У косящатого окошечка, касаясь потолочного свода горлатными шапками, стояли Хованский и Иван Михайлович Милославский, царевнин дядя — широкоскулый, с глазами-щелками, весь потный, в новой, дарованной шубе, весь налитой кровью от сытости и волнения. Софья, быстро подойдя, по-монашечьи наклонила голову. Иван Михайлович вытянул насколько возможно бороду и губы — ближе подступить мешало ему чрево.
— Матвеев уже в Троице. (Зеленоватые глаза Софьи расширились.) Монахи его, как царя, встречают… Мая двенадцатого ждать его на Москве. Только что прискакал из-под Троицы племянник мой, Петька Толстой… Рассказывает: Матвеев после обедни при всем народе лаял и срамил нас, Милославских: «Вороны, говорит, на царскую казну слетелись… На стрелецких-де копьях хотят во дворец прыгнуть… Только этому-де не бывать… Уничтожу мятеж, стрелецкие полки разошлю по городам да на границы. Верхним боярам крылья пообломаю. Крест-де целую царю Петру Алексеевичу. А за малолетством его пусть правит мать, Наталья Кирилловна, и без того не умру, покуда так все не сбудется…»
Лицо Софьи посерело. Стояла она, опустив голову и руки. Только вздрагивал рогатый венец, и толстая коса шевелилась по спине. Василий Васильевич находился поодаль, в тени. Хованский мрачно глядел под ноги, сказал:
— Сбудется, да не то… Матвееву на Москве не быть…

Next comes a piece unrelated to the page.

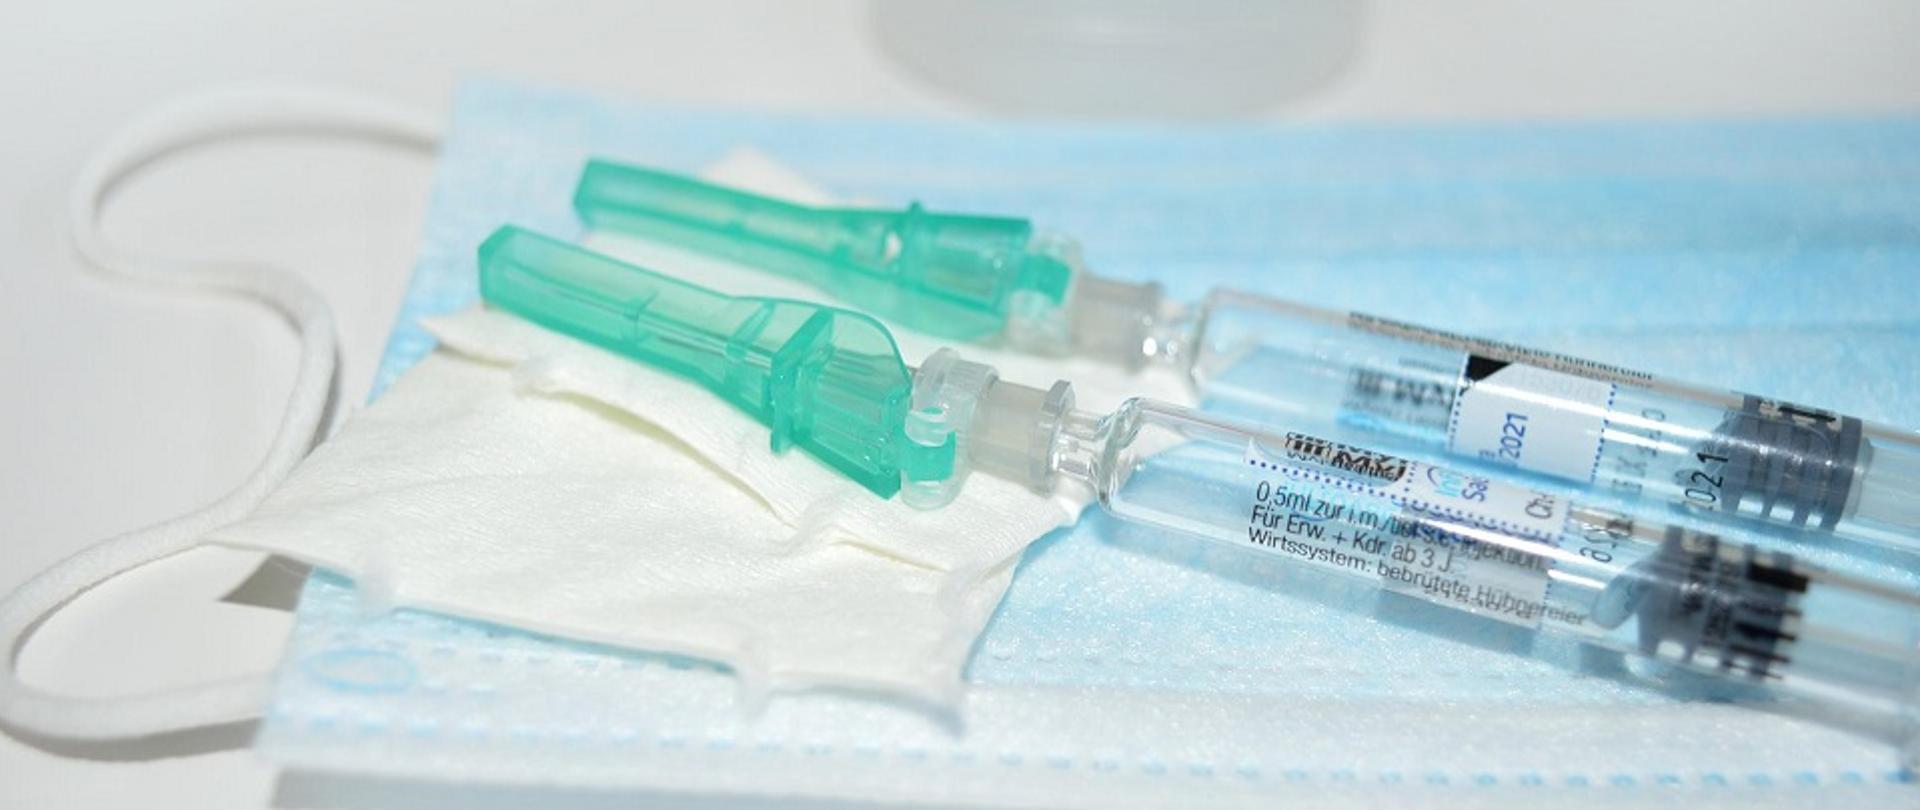 Dwie strzykawki z igłami ze szczepionkami leżące na wacikach i na maseczce ochronnej jednorazowej.

— А хуже других, — еще торопливее зашептал Милославский, — срамил он и лаял князя Василия Васильевича. «Васька-де Голицын за царский венец хватается, быть ему без головы…»

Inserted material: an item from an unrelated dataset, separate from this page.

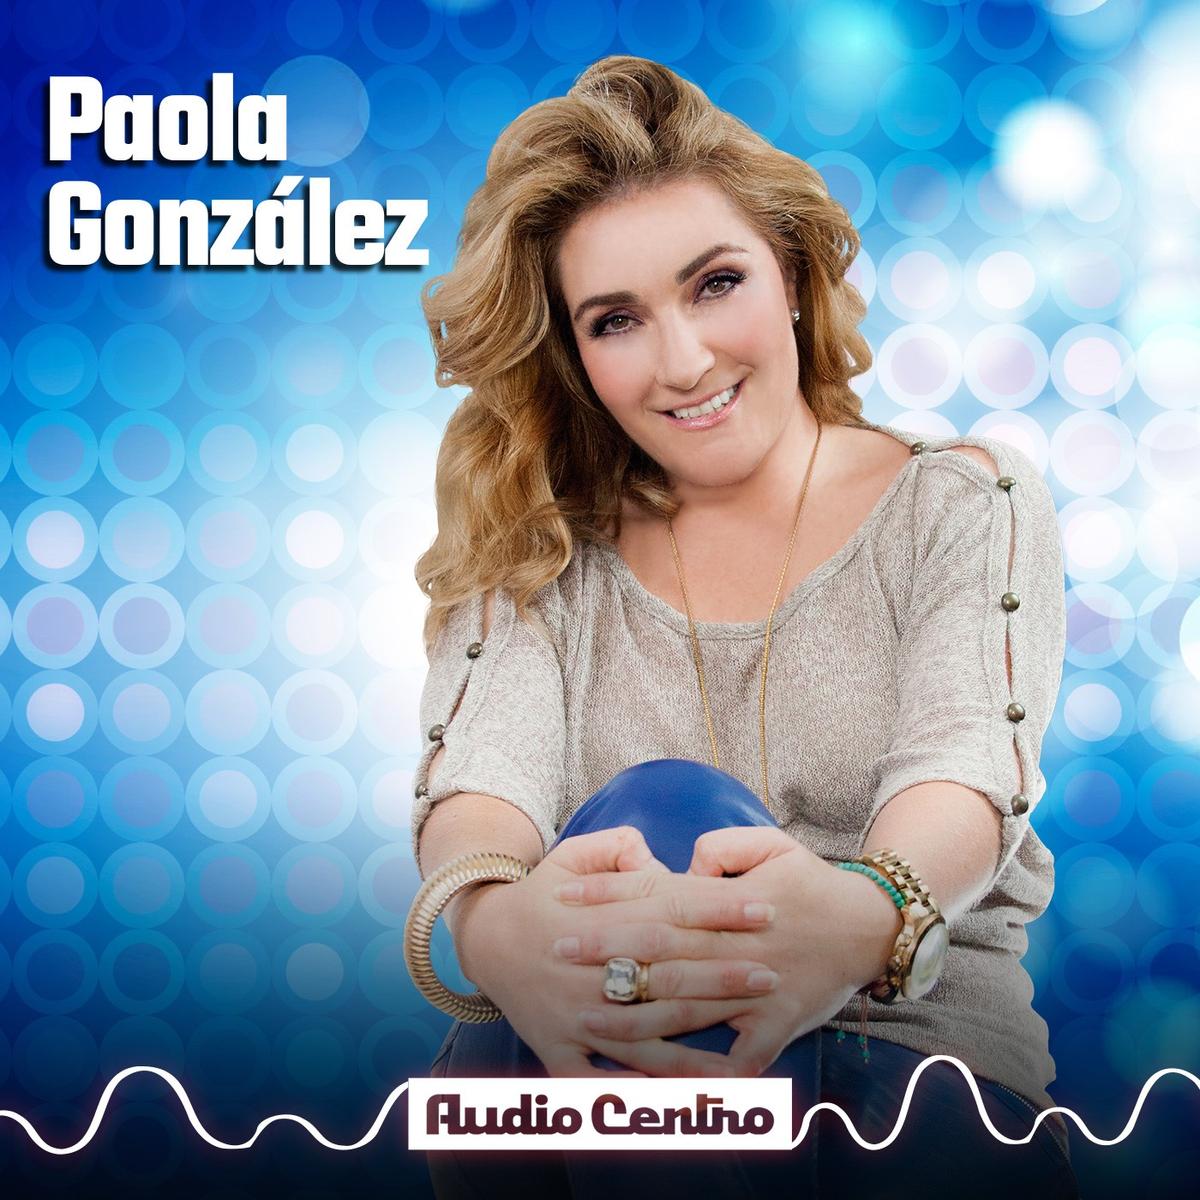 Paola González

Софья медленно обернулась, встретилась глазами с Василием Васильевичем. Он усмехнулся, — слабая, жалкая морщинка скользнула в углу рта. Софья поняла: решается его жизнь, идет разговор о его голове… За эту морщинку сожгла бы Москву она сейчас… Проглотив волнение, Софья спросила:
— А что говорят стрельцы?
Милославский засопел. Василий Васильевич мягко пошел по палате, заглядывая в двери, вернулся и стал за спиной Софьи. Не сдержавшись, она перебила начавшего рассказывать Хованского:
— Царица Наталья Кирилловна крови возжаждала… С чего бы? Или все еще худородство свое не может забыть, — у отца с матерью в лаптях ходила… Все знают, когда Матвеев из жалости ее взял к себе в палаты, а у нее и рубашки не было переменить… А теремов сроду не знала, с мужиками за одним столом вино пила. — У Софьи полная шея, туго охваченная жемчужным воротом сорочки, налилась гневом, щеки покрылись пятнами. — Весело царица век прожила, и с покойным батюшкой и с Никоном-патриархом немало шуток было шучено… Мы-то знаем, теремные… Братец Петруша — прямо притча, чудо какое-то — и лицом и повадкой на отца не похож. — Софья, стукнув перстнями, стиснула, прижала руки к груди… — Я — девка, мне стыдно с вами говорить о государских делах… Но уж — если Наталья Кирилловна крови захотела, — будет ей кровь… Либо всем вам головы прочь, а я в колодезь кинусь…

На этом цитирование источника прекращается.